Consumer Discretionary
Note that XLY has now run into resistance two weeks in a row at exactly the 38.2% Fibonacci level. For the move to extend higher, it has to be able to break through this level (167.65) on its way to the next level of resistance at 173.40. Alternatively, look for 160.53 and 149.02 to provide support.
Industrials
The Industrials continue to look interesting here from a technical standpoint. We have an inverse Head & Shoulders (H&S) pattern in place and last week tested the neckline while the RSI still has room to run. That said, we will want to see this week’s price action close above the neckline for the continued possibility of a move higher.
Energy
Energy continues to look vulnerable here. We have a H&S pattern in place and we’ve broken through the neckline. If the downtrend continues, the target is 55.28 with the next level of support at 73.70 along the way. For the H&S pattern to be negated, we need to close above the neckline and have it become support in the subsequent weeks.
Materials
Similar to Industrials, Materials could have some potential here.
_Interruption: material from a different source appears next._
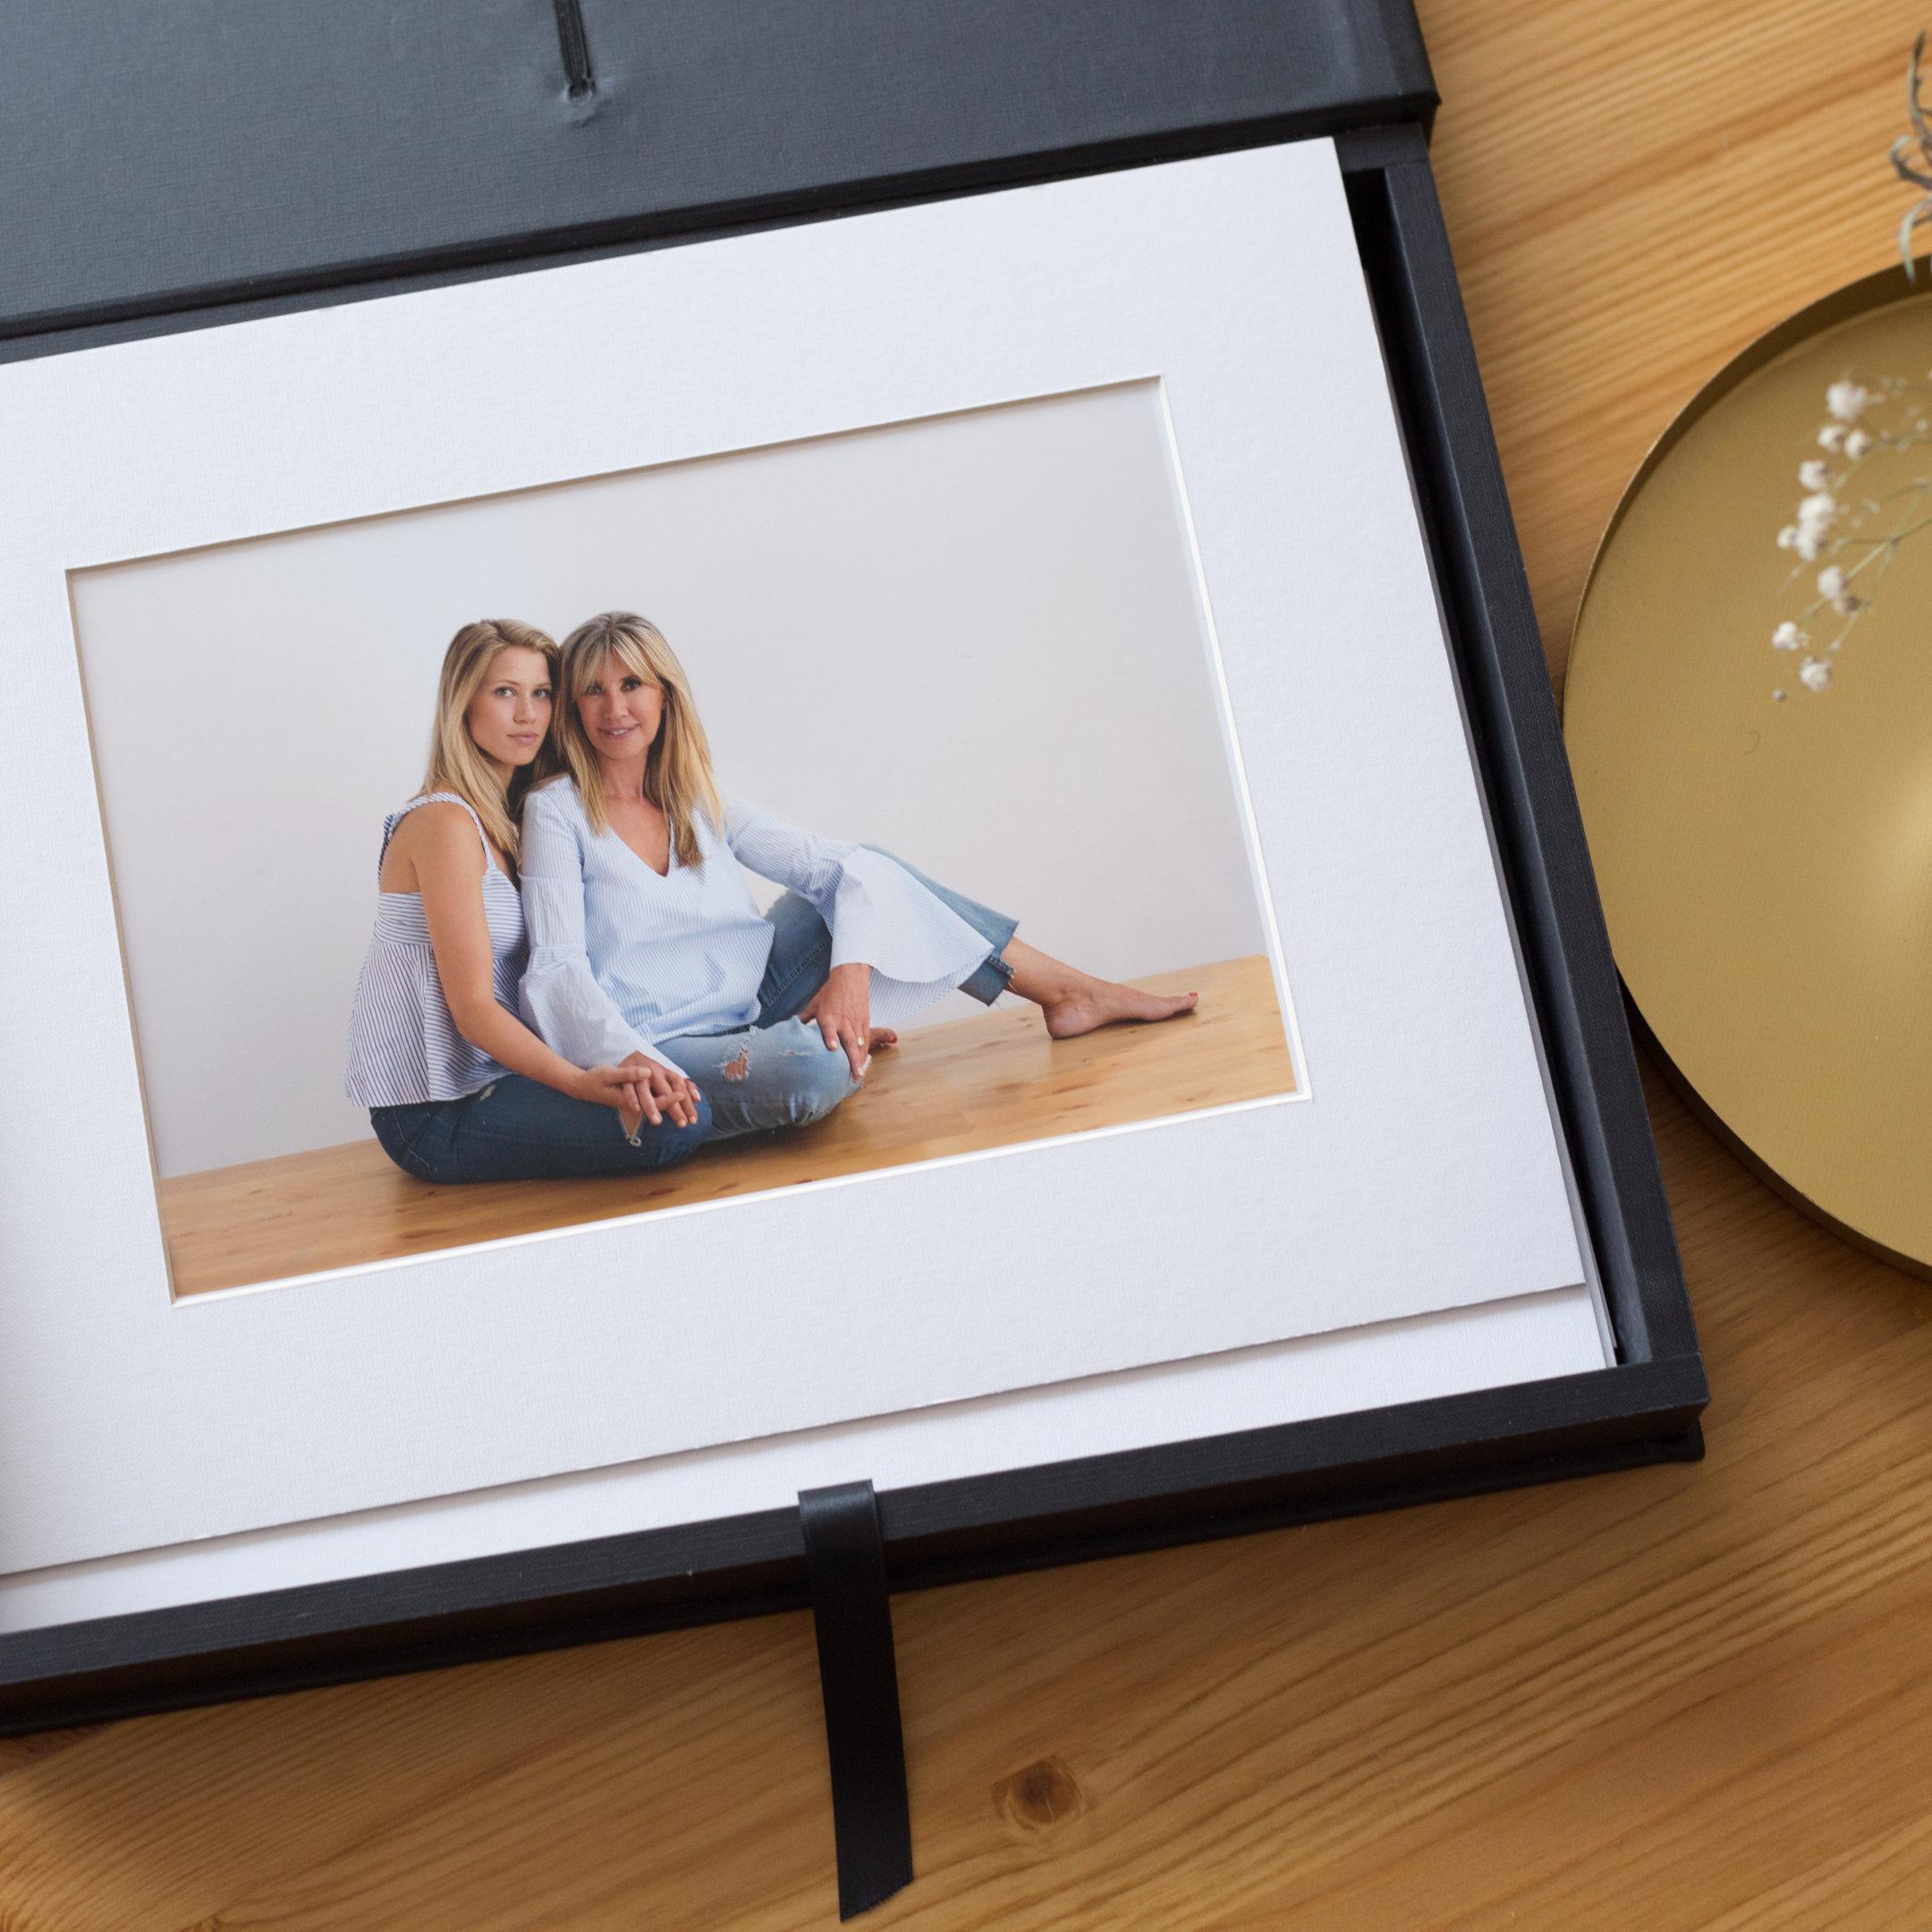 fotos en familia para recordar

With that said, it has to clear the neckline of the H&S pattern and remain above it in the subsequent weeks. Look for the neckline or somewhere around 82.66 to provide resistance on the way up.
Financials
Last week, I was a bit more constructive on the potential for Financials but I’m seeing it in a different light this week as I think we could be in the process of forming a H&S pattern. We need to watch the RSI support (green line) and see how Financials react once they come in contact with the perceived neckline.
Real Estate
Similar to Financials, I am beginning to see Real Estate through the lens of a possible H&S pattern developing. While it is not confirmed at this point, let’s make sure to watch the RSI support (green line) and how Real Estate acts once it comes in contact with the perceived neckline.
Health Care
Health Care continues to show signs of life, especially as it was the only sector to log a positive week last week. We need to continue to watch and see how it navigates the symmetrical triangle that has developed. A break to the high side calls for a target somewhere in the neighborhood of 150.15.
Utilities
Utilities had a tough week last week. We need to continue to watch the RSI support (green line) and how Utilities navigate the lower portion of the triangle that has formed. Recall that Utilities are one of the most oversold sectors on a relative basis and tend to be a more defensive play if the market continues to move lower as a whole.
Consumer Staples
Similar to Utilities, Consumer Staples is one of the most oversold sectors on a relative basis a favorite defensive play if the market continues lower. It also seems that we are developing an inverse H&S pattern which could suggest Consumer Staples has room to run. Again, watch the RSI support (green line) and how Consumer Staples react once coming in contact with the perceived neckline.
Summary
We saw pullback almost across the board last week with regard to the S&P 500 and then underlying sectors. Year-to-date, the market has been held up almost exclusively by the Technology sector. As noted in the above charts, history would suggest that the pullback we saw in Technology last week may end up being a 3 or 4 week event and if so, my sense is that a lot of the rest of the market will move lower with it. Watch for the defensive sectors to be a beacon of relative safety if that happens.